Put another way, MSBs are non-bank financial companies with three general functions: receiving and sending money on behalf of consumers; providing products that receive, store, or send money for consumers; and providing an exchange for currencies. MSBs that are money transmitters are regulated and licensed at the state level and, as the Congressional Research Service report on the regulations notes, the terms money transmitter and MSB are effectively synonymous. Indeed, for the purposes of the BSA, a ‘money service business’ (MSB) is a regulated business that includes a money transmitter. Most companies providing domestic and international money transfer services are MSBs, such as Western Union and PayPal, as well as some payment processors such as Square and Stripe.
A fundamental element in FinCEN’s interpretation of a money transmitter is that the person must engage in both ‘acceptance’ and ‘transmission’ of money to be a money transmitter. Although “acceptance" is not defined (and as it happens neither is “transmission”), a number of interpretive letters issued by FinCEN suggest that the key is the control of the funds and where they are directed to, which seems like a good working definition: if X routes the money from me to the person with the Taylor Swift tickets, they are a money transmitter. Which is why they need these licences.
Costs, Costs, Costs
Money transmitters play a crucial role in America’s financial ecosystem which is why they are subject to these regulatory obligations including background checks on officers, maintaining sufficient liquid assets, periodic reports and (here comes the hard part) AML compliance including customer identity verification and transaction monitoring. The mixture of varying state regulations and the fact that America has no digital identity infrastructure (nor does the UK) so that means compliance is expensive and inconvenient and, as has been obvious for some time, undeniably inhibits valuable innovation by forcing startups to spend dollars on lawyers instead of new products and services.
(It should be noted that things are changing on the MTL front. Many states have already opted to adopt the Model Money Transmission Modernization Act (MTMA), sample legislation developed by the Conference of State Bank Supervisors to establish nationwide standards and requirements for licensed money transmitters. For traditional money transmitters and new fintech entrants, the MTMA has the potential to reduce compliance burdens, encourage innovation, and remove barriers to entry for new market participants. It is very important given the growth in person-to-person payments via apps. Among all US consumers, half of P2P payments were sent using non-cash methods in 2022, up from less than a third two years previously.)
But back to Mr Musk and his plan.
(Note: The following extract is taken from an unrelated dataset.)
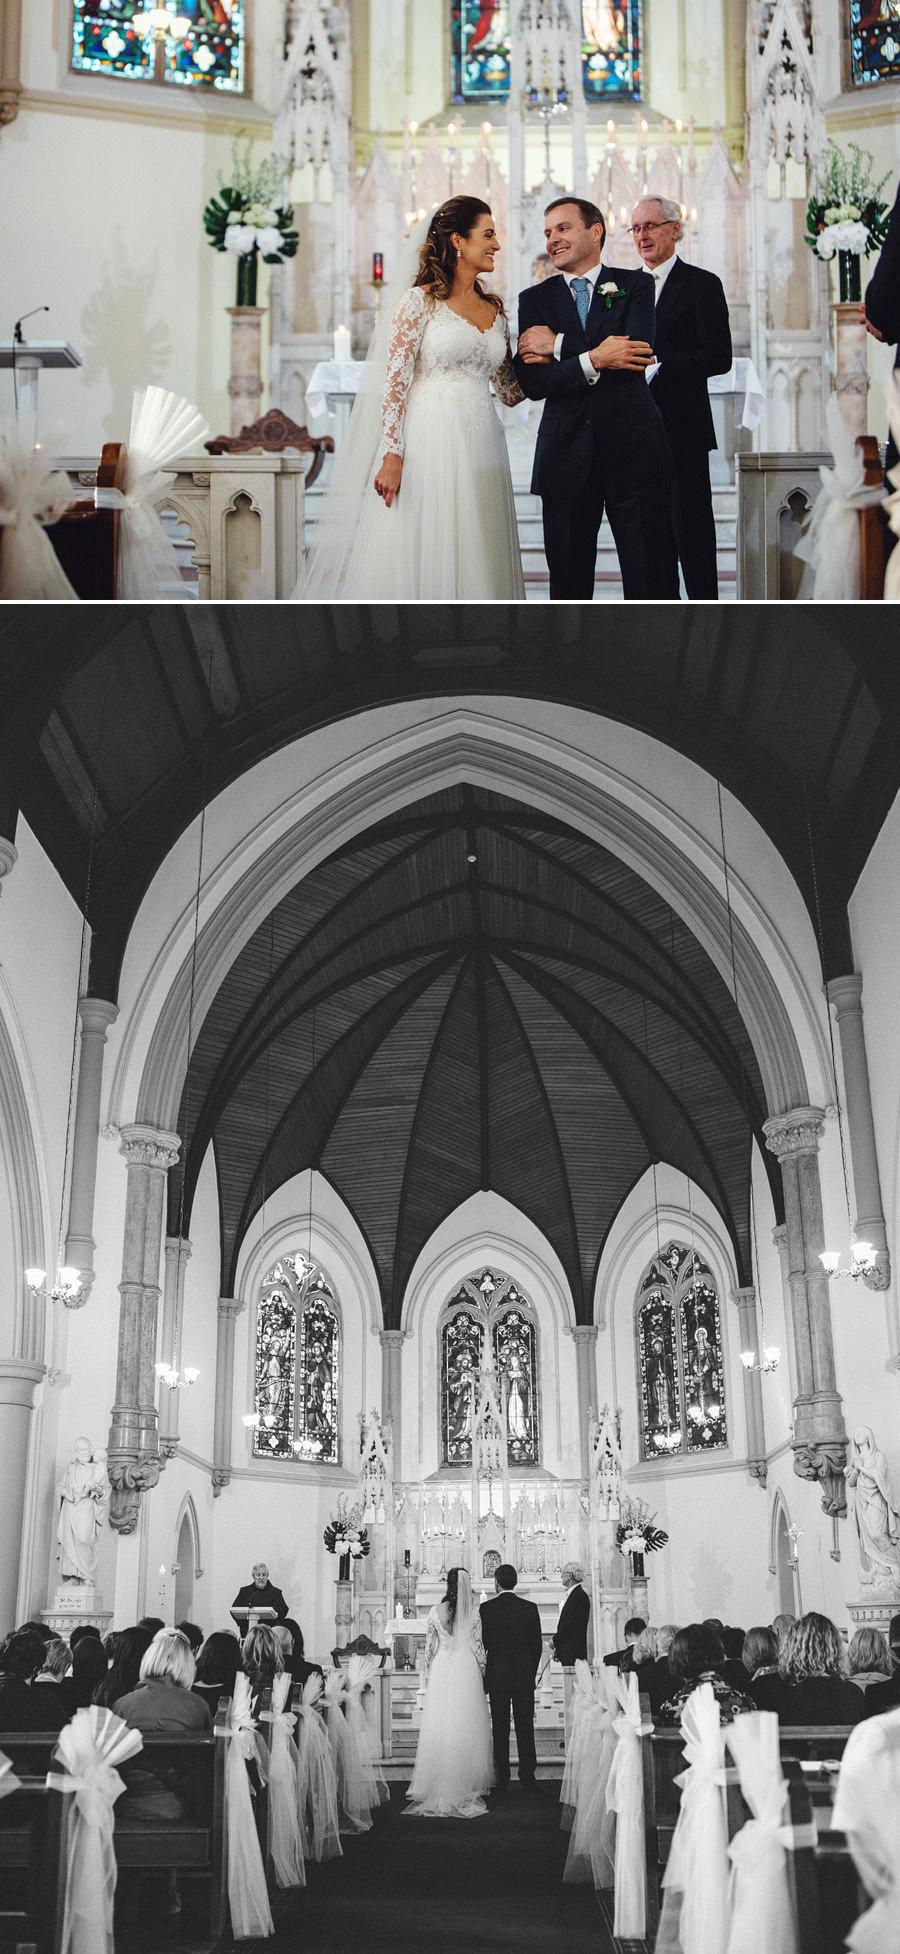 Timeless Wedding Photography: Ceremony

While the potential is undoubtedly great (WeChat’s payment revenues are heading towards $100m per annum), I rather agree with Sangeet Paul Choudary, a global expert on platform economics and network effects, who says that "Payments cannot just be bolted on”. His point is that there must be some organic use case within the TwiX ecosystem (he uses the analogy of the red packets that triggers WeChat’s payment hockey stick)."
In the US context, the provision of peer-to-peer transfers is, as an American Banker put it, a “more modest plan” than the global payments system that he was going to build sometime this year, but it is realistic.
Why Now?
But what I keep wondering is why Mr Musk is bothering with all of this. In order to offer payment services to American users, X will need licences that will cost several million dollars according to Aaron Klein, a senior fellow focused on financial technology and regulation at the Brookings Institution. Why would Mr Musk want to spend a ton of money on AML compliance and identity verification?
Perhaps this really is all about identity, not money. Mr Musk doesn’t care if he earns a single cent on you sending a couple of hundred bucks to someone for that Taylor Swift ticket. The business model of X is advertising, so he does care who you are, where you are sending money to and why you are sending it.
That data is worth vastly more than any transaction fees he might be able to collect from you.